Go Machine Learning Projects
上QQ阅读APP看书,第一时间看更新

The conditional expectation functions

Instead, let's do what we originally set out to do: explore the CEFs of the variables. Fortunately, we already have the necessary data structures (in other words, the index), so writing the function to find the CEF is relatively easy.

The following is the code block:

func CEF(Ys []float64, col int, index []map[string][]int) map[string]float64 {
retVal := make(map[string]float64)
for k, v := range index[col] {
var mean float64
for _, i := range v {
mean += Ys[i]
}
mean /= float64(len(v))
retVal[k]=mean
}
return retVal
}

This function finds the conditionally expected house price when a variable is held fixed. We can do an exploration of all the variables, but for the purpose of this chapter, I shall only share the exploration of one –the yearBuilt variable—as an example.

Now, YearBuilt is an interesting variable to dive deep into. It's a categorical variable (1950.5 makes no sense), but it's totally orderable as well (1,945 is smaller than 1,950). And there are many values of YearBuilt.

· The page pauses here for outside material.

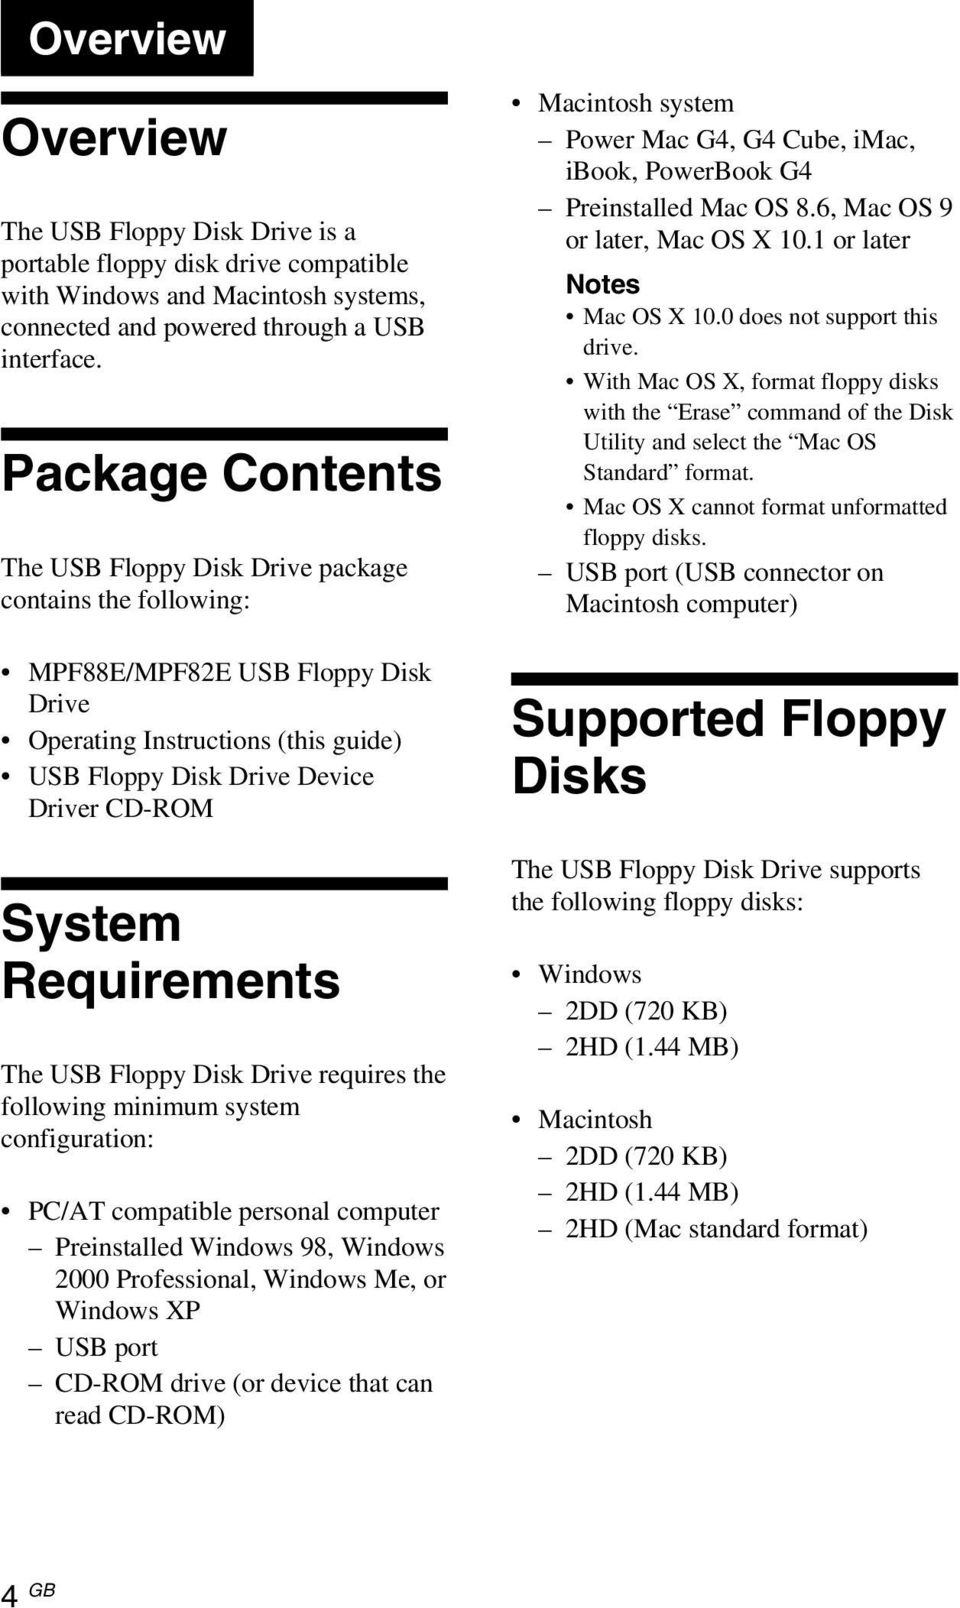 Requirements The USB Floppy Disk Drive requires the following minimum system configuration: PC/AT compatible personal computer Preinstalled Windows 98, Windows 2000 Professional, Windows Me, or
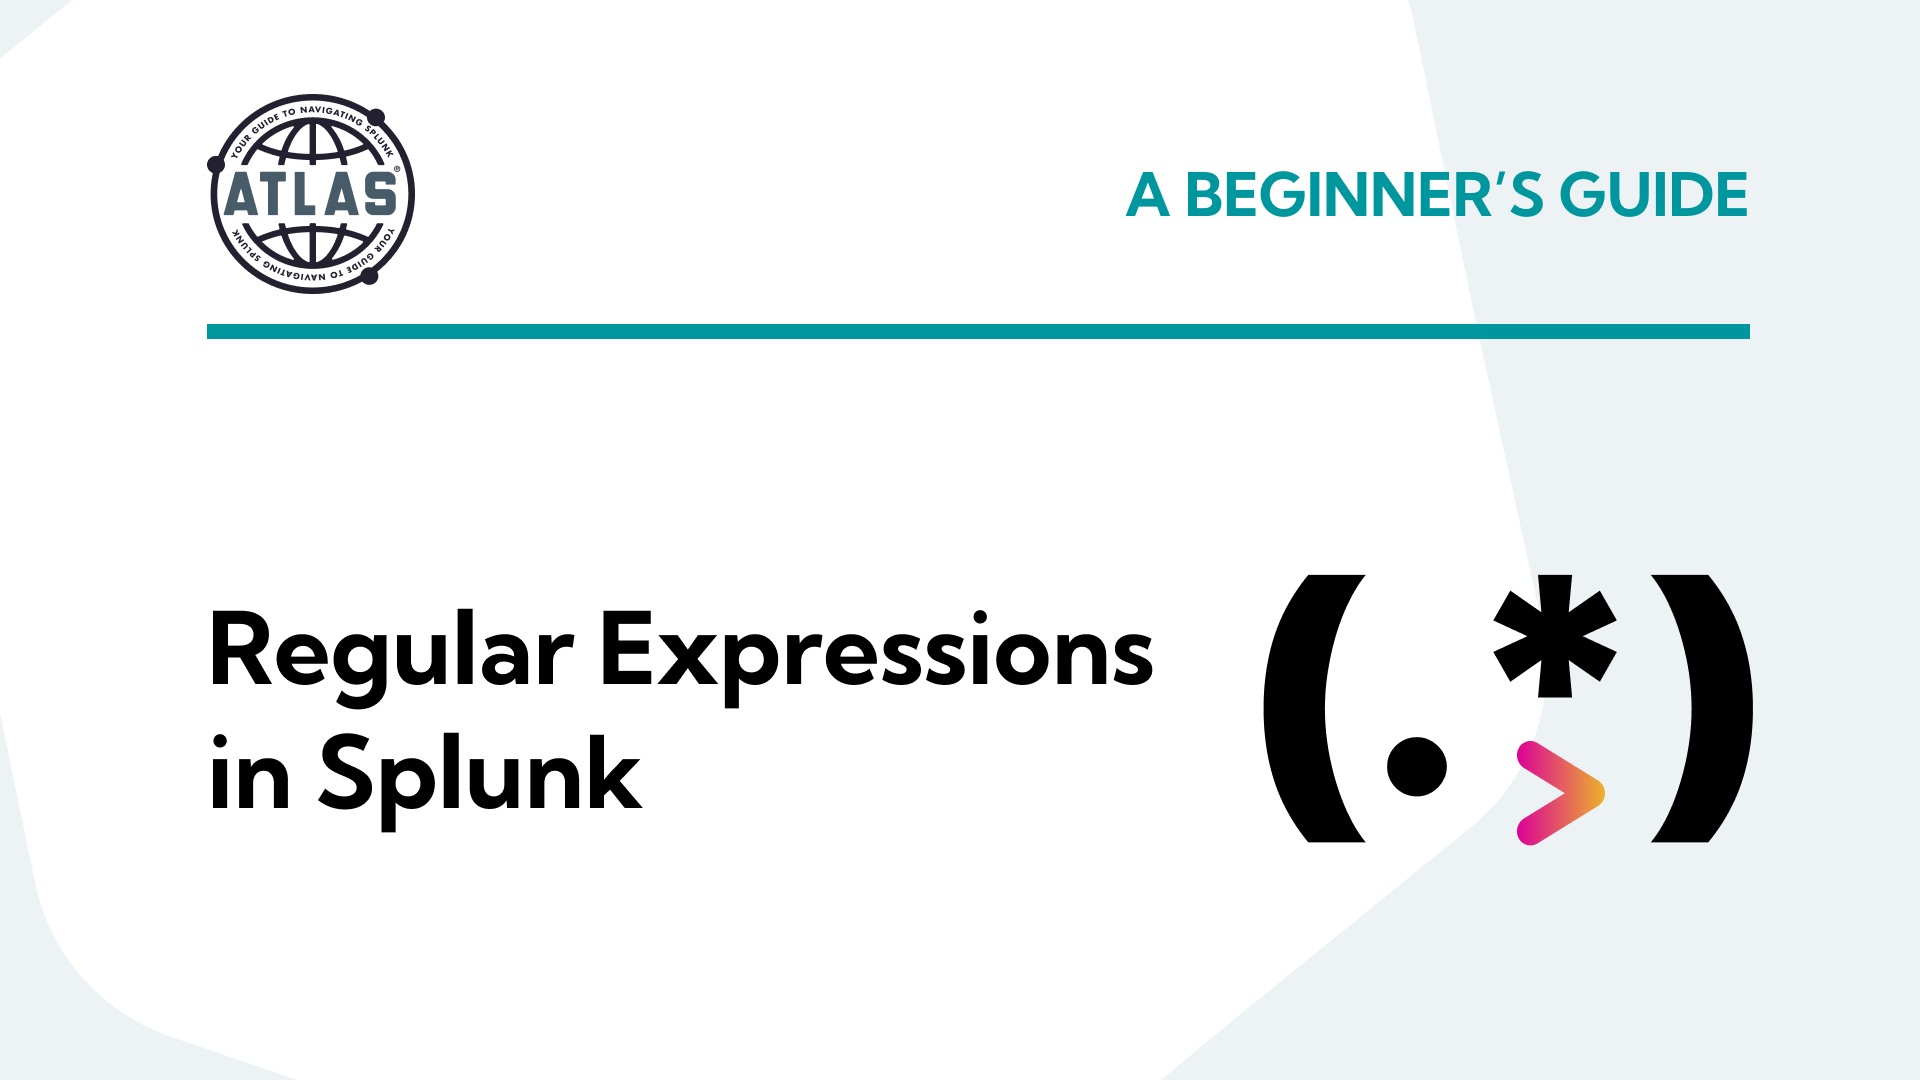 A beginners guide to regular expressions in splunk

So, instead of printing it out, we shall plot it out with the following function:

// plotCEF plots the CEF. This is a simple plot with only the CEF. 
// More advanced plots can be also drawn to expose more nuance in understanding the data.
func plotCEF(m map[string]float64) (*plot.Plot, error) {
ordered := make([]string, 0, len(m))
for k := range m {
ordered = append(ordered, k)
}
sort.Strings(ordered)

p, err := plot.New()
if err != nil {
return nil, err
}

points := make(plotter.XYs, len(ordered))
for i, val := range ordered {
// if val can be converted into a float, we'll use it
// otherwise, we'll stick with using the index
points[i].X = float64(i)
if x, err := strconv.ParseFloat(val, 64); err == nil {
points[i].X = x
}

points[i].Y = m[val]
}
if err := plotutil.AddLinePoints(p, "CEF", points); err != nil {
return nil, err
}
return p, nil
}

Our ever-growing main function now has this appended to it:

ofInterest := 19 // variable of interest is in column 19
cef := CEF(YsBack, ofInterest, indices)
plt, err := plotCEF(cef)
mHandleErr(err)
plt.Title.Text = fmt.Sprintf("CEF for %v", hdr[ofInterest])
plt.X.Label.Text = hdr[ofInterest]
plt.Y.Label.Text = "Conditionally Expected House Price"
mHandleErr(plt.Save(25*vg.Centimeter, 25*vg.Centimeter, "CEF.png"))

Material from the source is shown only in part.